Czech Government Abolished Property Acquisition Tax; Cinemas to Open on May 11

The Czech Government has officially announced to have abolished the tax on immovable property acquisitions and at the same time cancel tax deductions for new mortgages.

Immovable property acquisition tax is paid by the buyer, amounting to 4% of the tax base, determined specifically according to the manner in which real property has been acquired, i.e. purchase, transfer, auction, or insolvency.

The cancellation of interest deductions should neither apply to contracts that have already been concluded nor to contracts that are new but have only been concluded to refinance existing mortgages.

From May 11, ninth-graders students will return to school, cinemas, and theaters, can reopen. Minister of Health added that there will be strict rules for visitors, such as a safe distance between them.

Sports and cultural events (up to 100 people) will be able to take place again.
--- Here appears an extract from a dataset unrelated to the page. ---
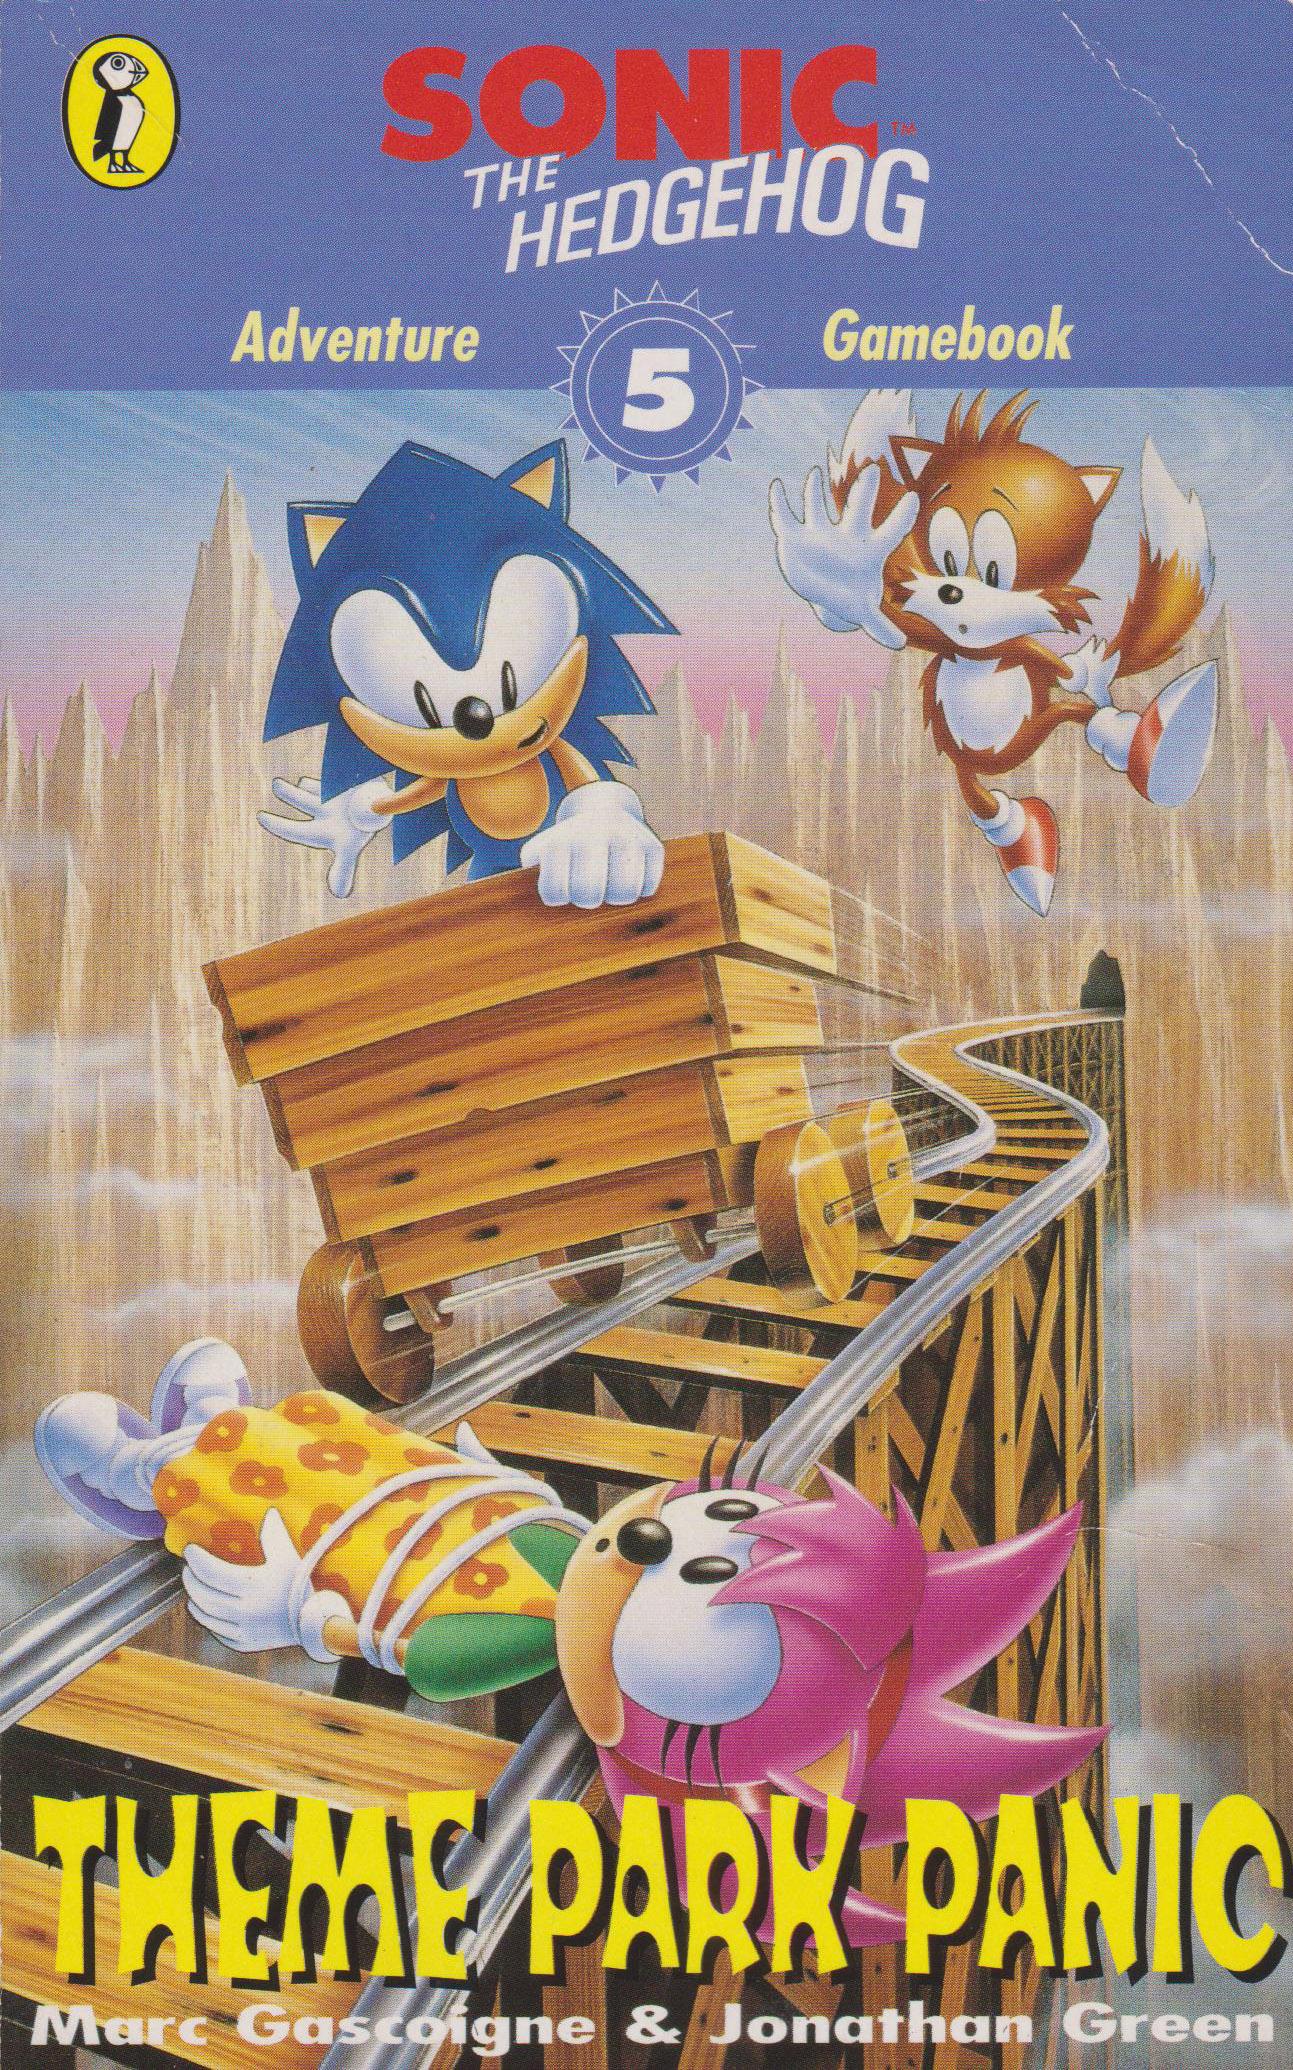 Sonic the Hedgehog Adventure Gamebook 5: Theme Park Panic
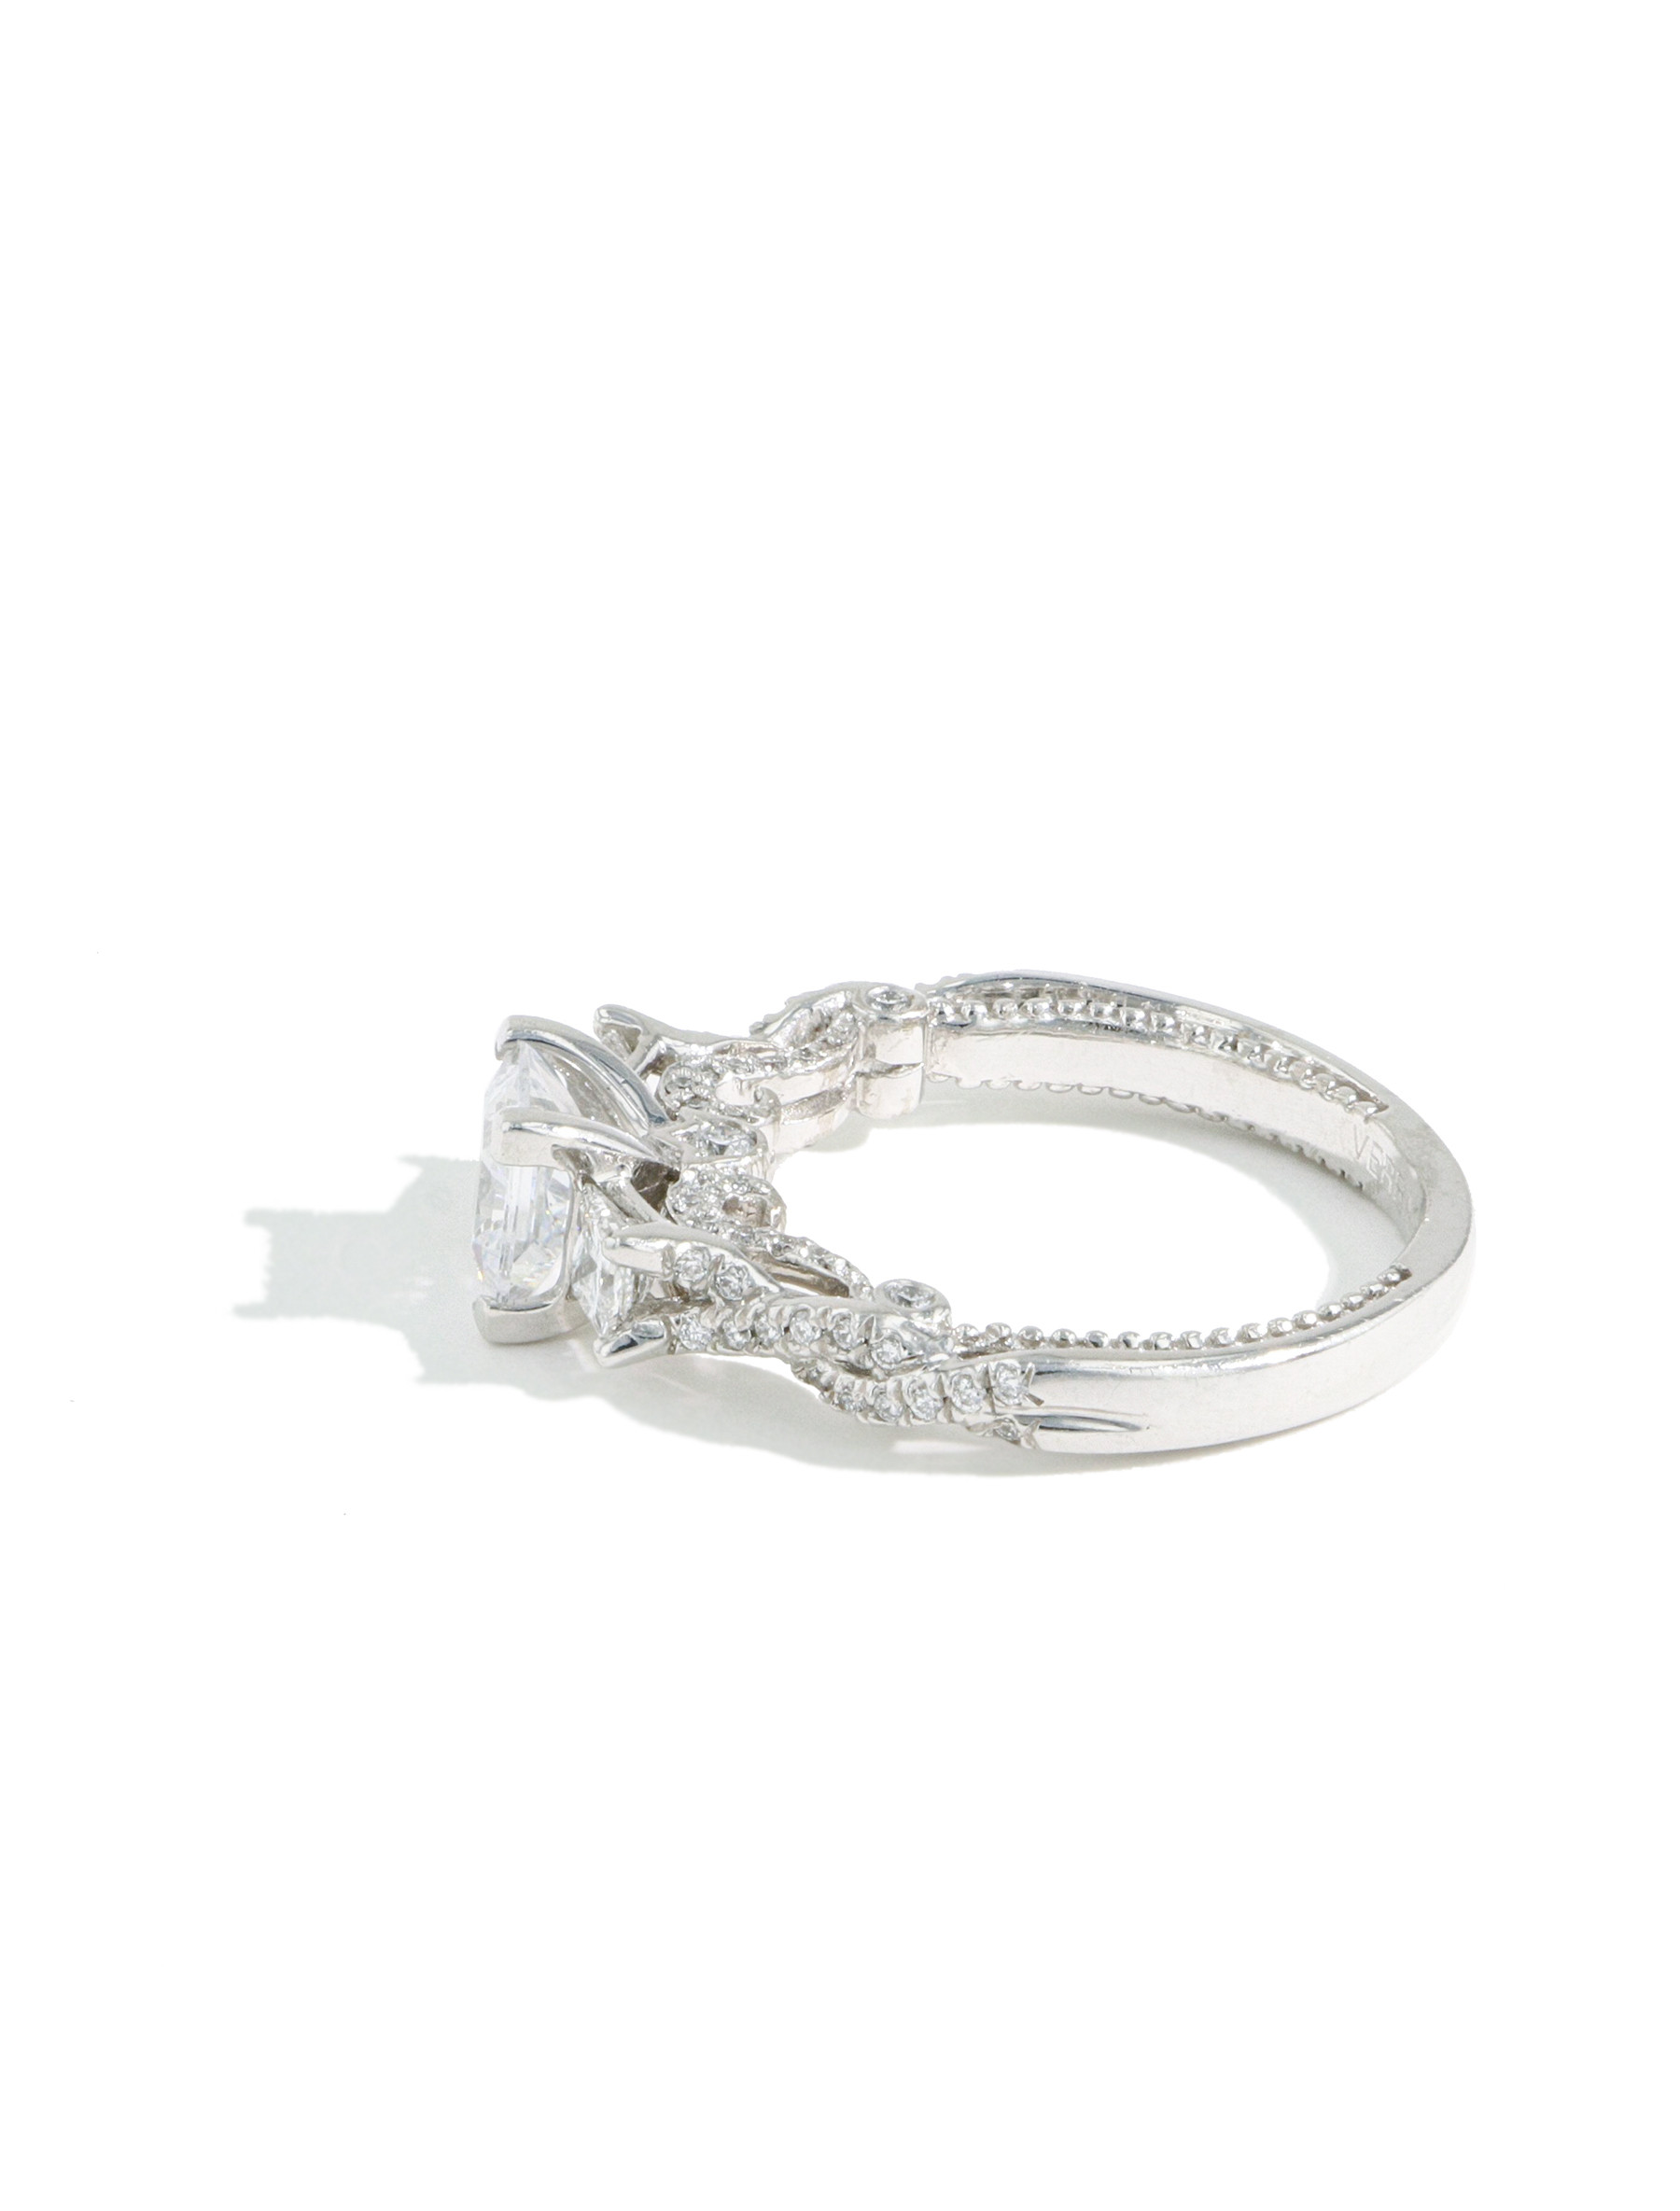 Verragio Insignia Princess Cut Diamond Three Stone Engagement Ring Setting side view

The rule will also applies to weddings and church services.

From 1 May, children under the age of 7 will no longer have to wear face masks in kindergartens. Ministers also confirmed the extension of the state of emergency until 17 May.

Large music festivals will not be able to take place until mid-October. The government has proposed an amendment to the law according to which organizers of large cultural events will be able to offer vouchers for future cultural events, instead of reimbursing tickets sold.

Colors of Ostrava has just announced to have canceled its 2020 edition.

From May 11, shopping malls and larger shops are also set to reopen, along with outdoor restaurants and pubs, hairdressers, and museums.

The last phase is due on May 25 with restaurants, pubs and hotels returning to action.

The Czech Republic declared a state of emergency on March 12. Over the following days, schools and universities were closed; all sporting, cultural and religious activities were banned; retail stores, except grocery stores and pharmacies, were shut; and movement was limited to travel to and from work, and shopping for essential items.